Tu seras peut être fixé dans quelques jours ou quelques semaines...  Patience...


----------



## adixya (6 Septembre 2014)

Sage conseil, ce n'est pas du tout le moment de faire un achat aussi important avec des incertitudes alors qu'il y aura les réponses dans quelques jours...

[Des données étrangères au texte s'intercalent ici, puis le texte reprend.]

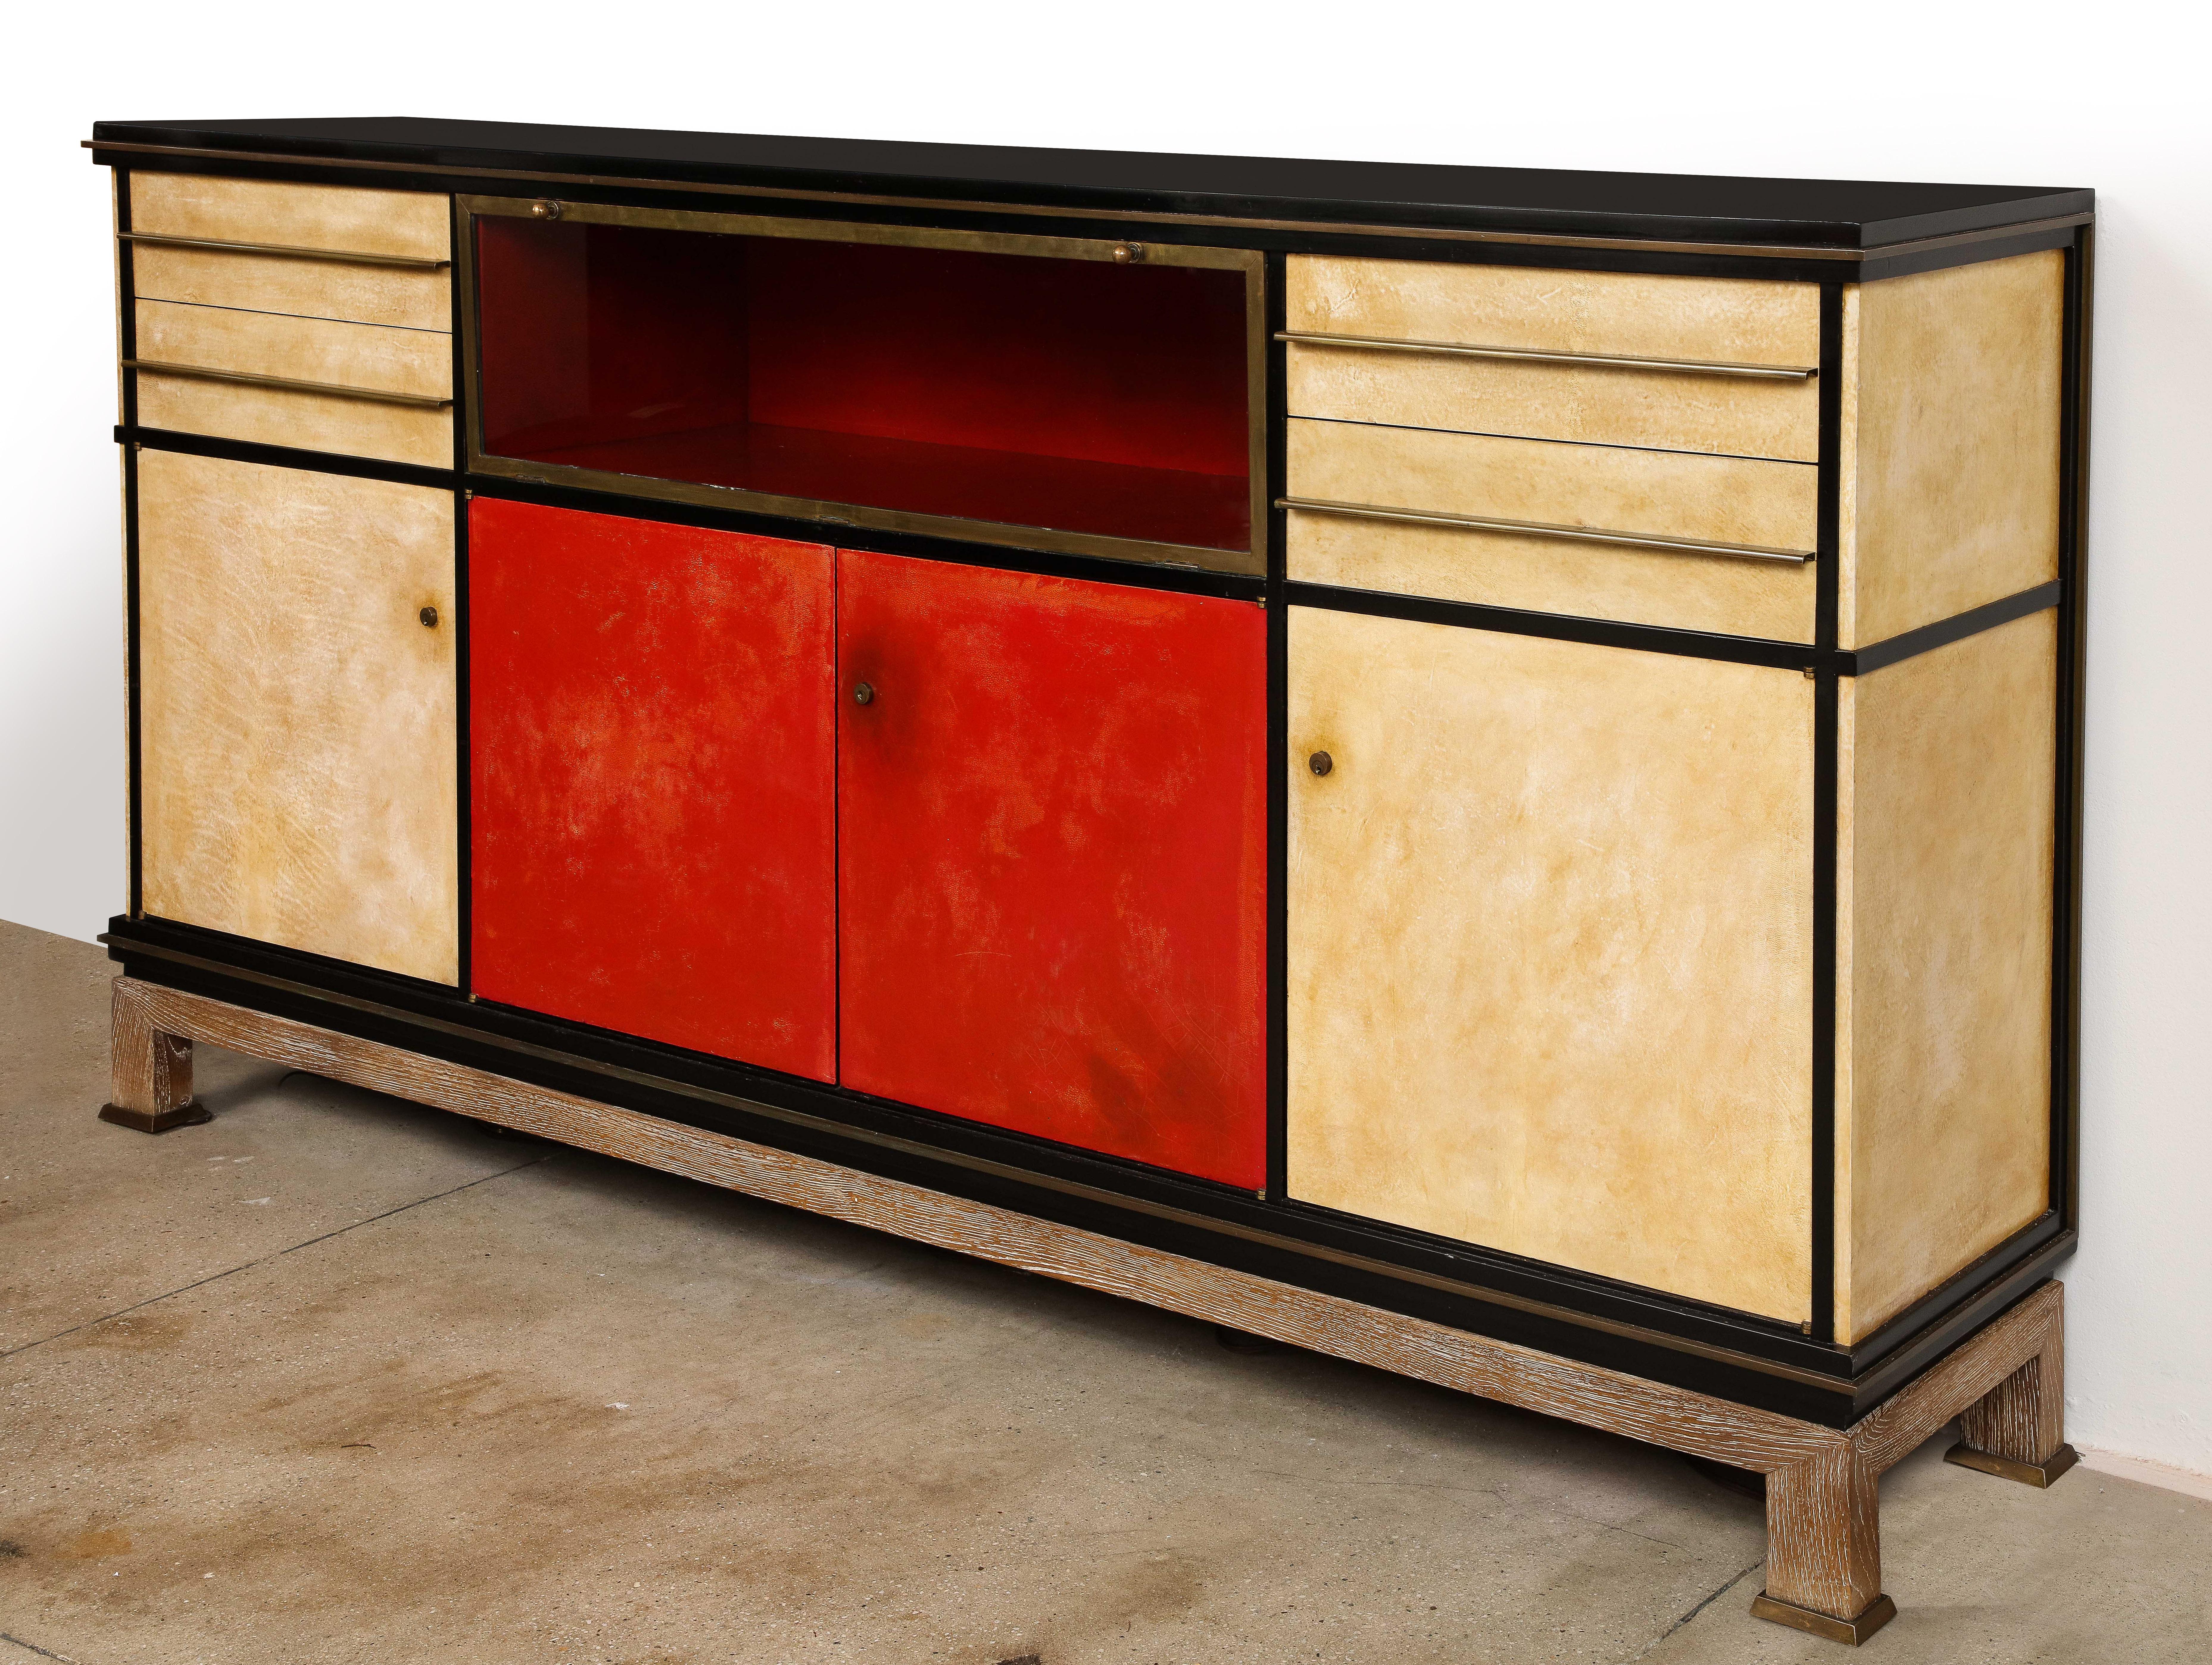 Important black lacquered wood, goatskin and red leather covered credenza by Paul Dupré Lafon, the front and sides decorated with bronze mouldings and drawer pulls. Glass and bronze drop front center vitrine with fitted with a beautiful red

Mais peut être pas au sujet du multifenetrage, car ils disaient que ce serait pour une version ios8 ultérieure...


----------



## bionic 3 (6 Septembre 2014)

Merci,
c'est juste que l'Ipad Air est à 419 euros sur le refurb , et je sens qu'il ne le sera plus apres la Keynote , du coup c'etait l'occasion de me l'acheter pour un plus petit prix.


----------



## adixya (6 Septembre 2014)

Pourquoi il n'y sera plus à la keynote ? Il y a des iPad Air assez régulièrement sur le refurb ainsi que d'autres modèles plus anciens. Même si il disparaît un temps, ça finit par revenir.

Sinon, je vendrai certainement mon 128 Go wifi silver quand le air 2 sera sorti si ça t'intéresse


----------